Bienvenue en « adosphère » (troisième partie)

Bienvenue en « adosphère » (troisième partie)
Photo : Garry Knight sur Flickr (CC)

Troisième volet de notre série “Bienvenue en adosphère”, consacrée à l’univers numérique des adolescents. Considéré comme un espace de liberté pour les 12-18 ans, Internet implique son lot d’inquiétudes et de responsabilités pour les parents et l’école. Cette semaine, l’Atelier des Médias navigue aux frontières du cyber-espace adolescent et s’interroge sur la façon dont les adultes les délimitent.

Après nous être intéressés aux usages - notamment conversationnels - des ados en ligne et aux jeunes producteurs de contenus, nous explorons les limites et les dangers des pratiques en ligne des adolescents. Quels sont les risques auxquels sont exposés les adolescents sur Internet ? Comment et jusqu’où le harcèlement scolaire peut-il se prolonger en ligne ? Surtout, quel est le rôle des parents vis-à-vis des cyber-activités de leurs ados ?

Sur Internet, les adolescents ont développé leurs propres codes. Cette culture Internet questionne les attitudes et les stratégies adoptées par les parents pour gérer la présence en ligne de leurs enfants. Les choix des mineurs sont influencés par le regard et l’avis des parents et du corps enseignant. Les repères qu’ils formulent sont essentiels car l’Internet est un espace de libertés certes, mais qui n’est pas exempt de dangers, surtout auprès d’une population jeune potentiellement plus vulnérable.
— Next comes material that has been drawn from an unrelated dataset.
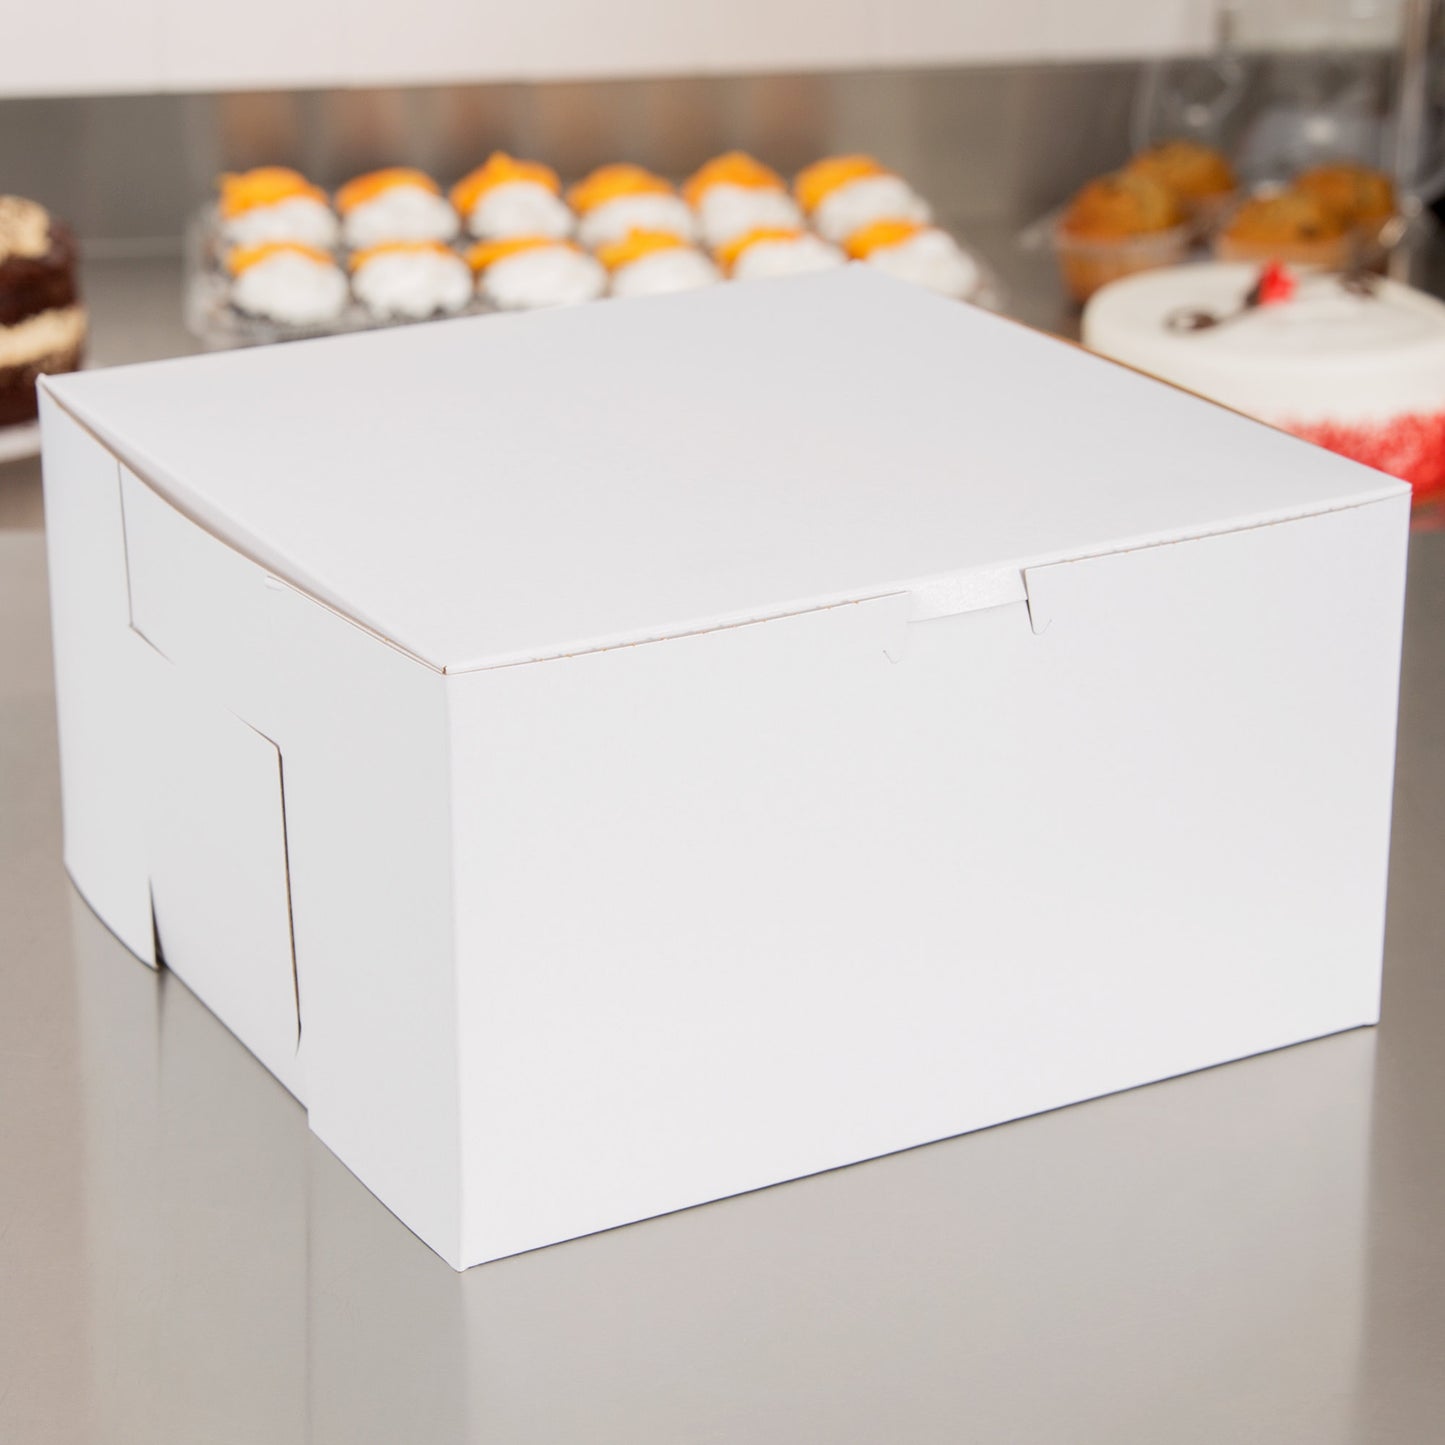 12 Inch Cake Box - 12x12x6

Monique Dagnaud, chercheuse à l’EHESS et spécialiste des adolescents en ligne, apporte son éclairage :

 “Comme vous vous exposez dans un espace semi-public, tous les phénomènes de bouc émissaire ou d’ostracisme qui existent dans les cours de récré sont amplifiés, complexifiés, recomposés dans le jeu des interactions numériques. La culture des réseaux sociaux augmente et facilite les embrouilles de la culture d’ado.”

  • Le cyber-harcèlement, prolongement du harcèlement scolaire ?

Si le harcèlement scolaire, cet “enchaînement d'agissements hostiles dont la répétition affaiblit psychologiquement l'individu” (définition Wikipédia), existe depuis toujours, l’exposition nouvelle qu’implique les réseaux a effectivement donné une dimension jusqu’alors inconnue à ce phénomène.

Lorsque nous avons cherché à entrer en contact avec un adolescent victime de cyber-harcèlement, une personne nous a contactés. Il était adolescent en 2008, et s’est présenté à nous comme harceleur, plutôt qu’harcelé. Son témoignage nous permet de comprendre comment, par envie de se moquer sans forcément vouloir blesser, par curiosité vis-à-vis d’une information privée voire de l’intime, il s’est retrouvé à harceler une personne.

C’est de cette façon que le cyber-harcèlement a pu s’immiscer dans l’environnement numérique des adolescents, pour en devenir une dérive largement médiatisée. En 2008, quand un adolescent était victime d’agissements hostiles répétés, peu de gens étaient préparés à ce type de situation. Depuis, Internet s’est inscrit dans la vie, dans la chambre, dans le quotidien des adolescents, et les jeunes ont appris à appréhender la puissance d’Internet.

Si le phénomène du cyber-harcèlement est aujourd’hui mieux pris en compte, il reste difficile d’identifier des actes de malveillance, surtout quand ceux-ci prennent place sur des réseaux garantissant l’anonymat de ses utilisateurs, comme Ask.fm.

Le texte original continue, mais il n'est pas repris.